SentenceIterator iter = new LineSentenceIterator(new File(".../filename.txt"));
        iter.setPreProcessor(new SentencePreProcessor() {
            @Override
            public String preProcess(String sentence) {
                //System.out.println(sentence.toLowerCase());
                return sentence.toLowerCase();
            }
        });


        // Split on white spaces in the line to get words
        TokenizerFactory t = new DefaultTokenizerFactory();
        t.setTokenPreProcessor(new CommonPreprocessor());

        log.info("Building model....");
        Word2Vec vec = new Word2Vec.Builder()
                .minWordFrequency(5)
                .iterations(1)
                .layerSize(100)
                .seed(42)
                .windowSize(5)
                .iterate(iter)
                .tokenizerFactory(t)
                .build();

        log.info("Fitting Word2Vec model....");
        vec.fit();

        log.info("Writing word vectors to text file....");

        // Write word vectors
        WordVectorSerializer.writeWordVectors(vec, "abs_terms.txt");
pills -4.559159278869629E-4 0.028691953048110008 0.023867368698120117 ...
tricuspidata -0.00431067543104291 -0.012515762820839882 0.0074045853689312935 ...
作为后续步骤,此文本文件已用于通过spark中的k-means形成一些簇。请参阅下面的代码:

    val rawData = sc.textFile("...abs_terms.txt")
    val extractedFeatureVector = rawData.map(s => Vectors.dense(s.split(' ').slice(2,101).map(_.toDouble))).cache()

    val numberOfClusters = 10
    val numberOfInterations = 100

    //We use KMeans object provided by MLLib to run
    val modell = KMeans.train(extractedFeatureVector, numberOfClusters, numberOfInterations)

    modell.clusterCenters.foreach(println)

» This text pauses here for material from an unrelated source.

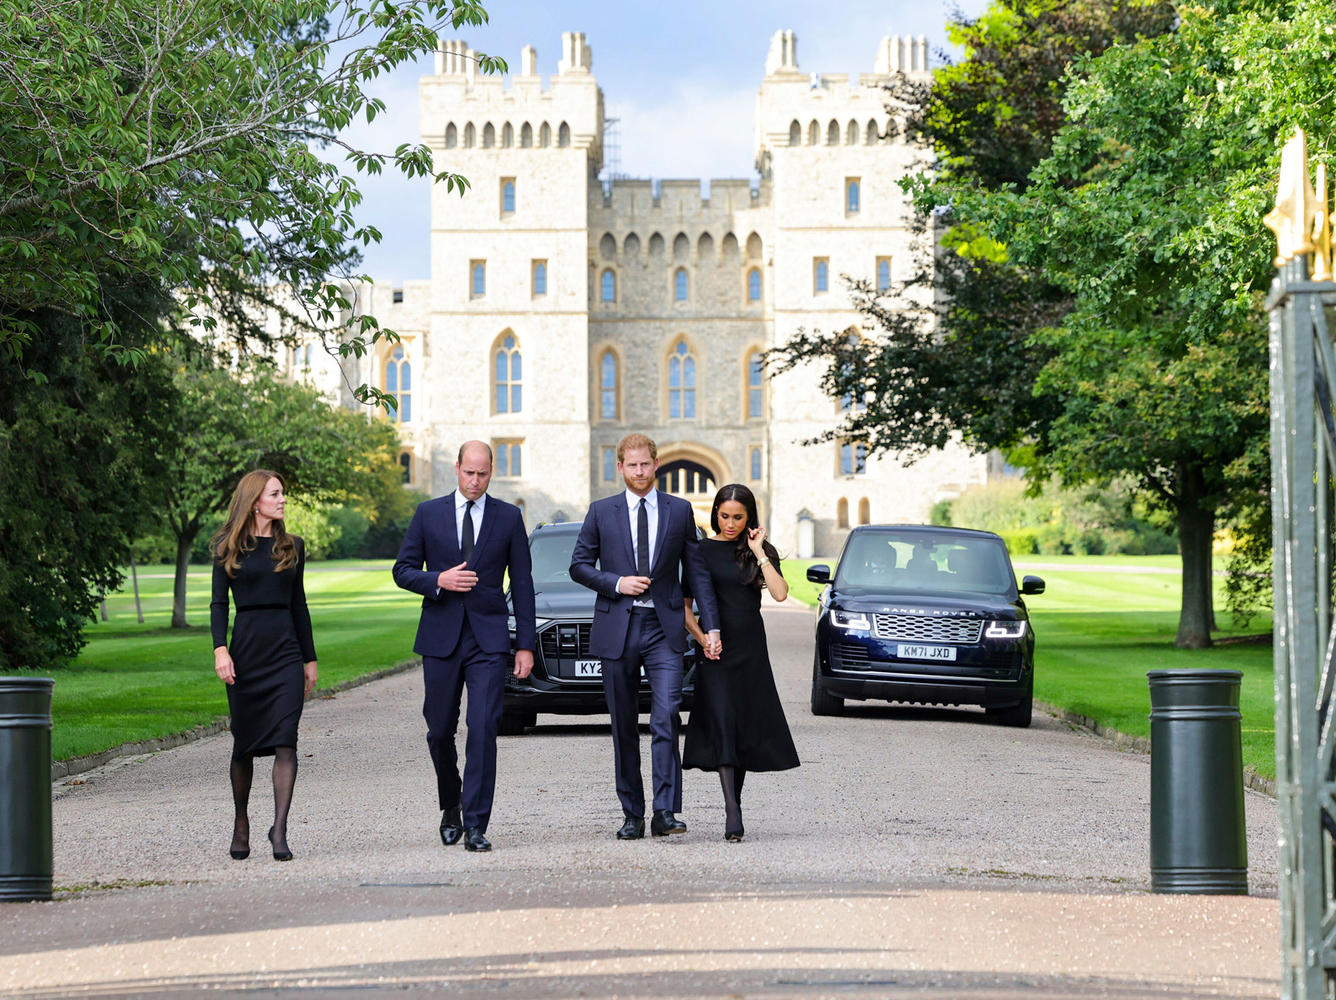 Princes William and Harry arrive at Windsor with their wives: exit footage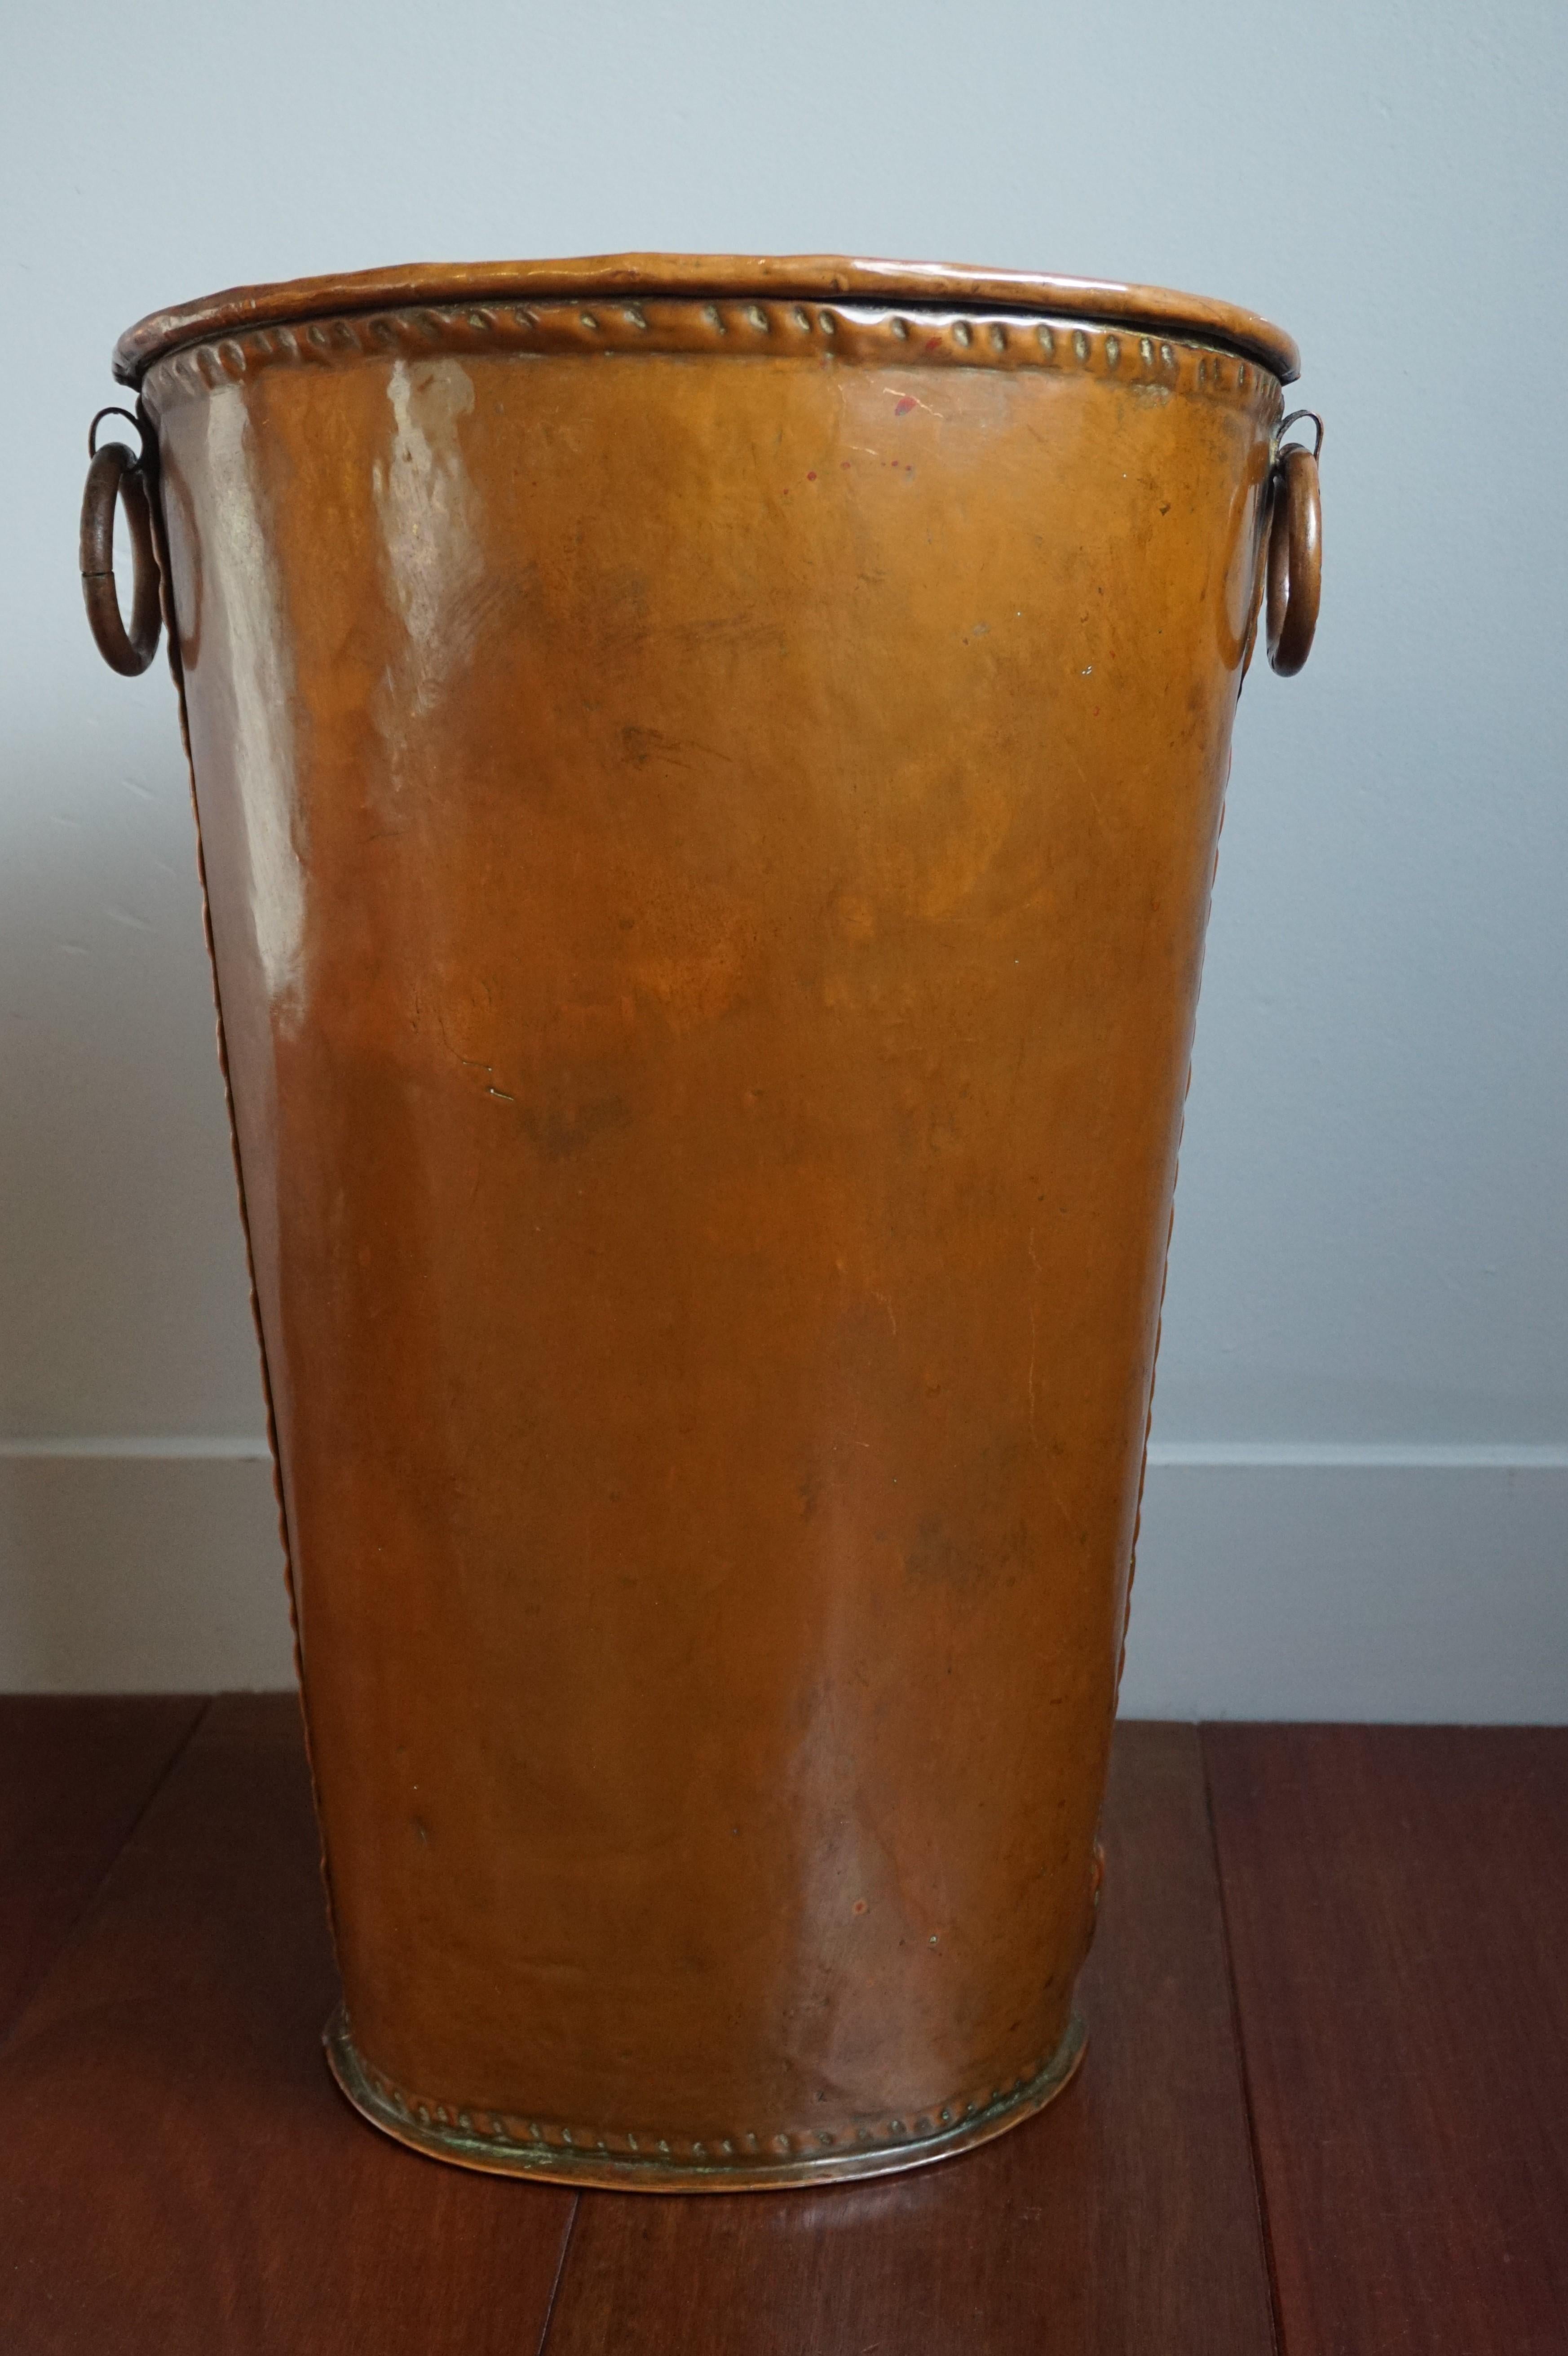 Late 1800s Handcrafted Copper Umbrella Stand Resembling Ancient Leather Bucket For Sale 6

    //Get cluster index for each buyer Id
    val AltCompByCluster = rawData.map {
      row=>
        (modell.predict(Vectors.dense(row.split(' ').slice(2,101)
          .map(_.toDouble))),row.split(',').slice(0,1).head)
    }

    AltCompByCluster.foreach(println)
根据上面最新的scala代码,我根据word2vec建议的单词向量检索了10个集群。然而,当我检查集群时,没有出现明显的常用词。也就是说,我不能像我预期的那样得到合理的集群。基于我的这个瓶颈,我有几个问题:

1) 从word2vec的一些教程中,我看到没有进行数据清理。也就是说,介词等留在课文中。那么,在应用word2vec时,我应该如何应用清洁程序呢

2) 如何以解释的方式可视化聚类结果

3) 我可以使用word2vec单词向量作为神经网络的输入吗?如果是这样,哪种神经网络(卷积、递归、递归)方法更适合我的目标

4) word2vec对我的目标有意义吗


提前感谢。

k-means在高维空间中不可能很好地工作。你也应该试试ELKIs k-means,它比Sparks好得多(而且快得多)。但解释集群可能是最困难的部分。你可能会到处看到不相关的词。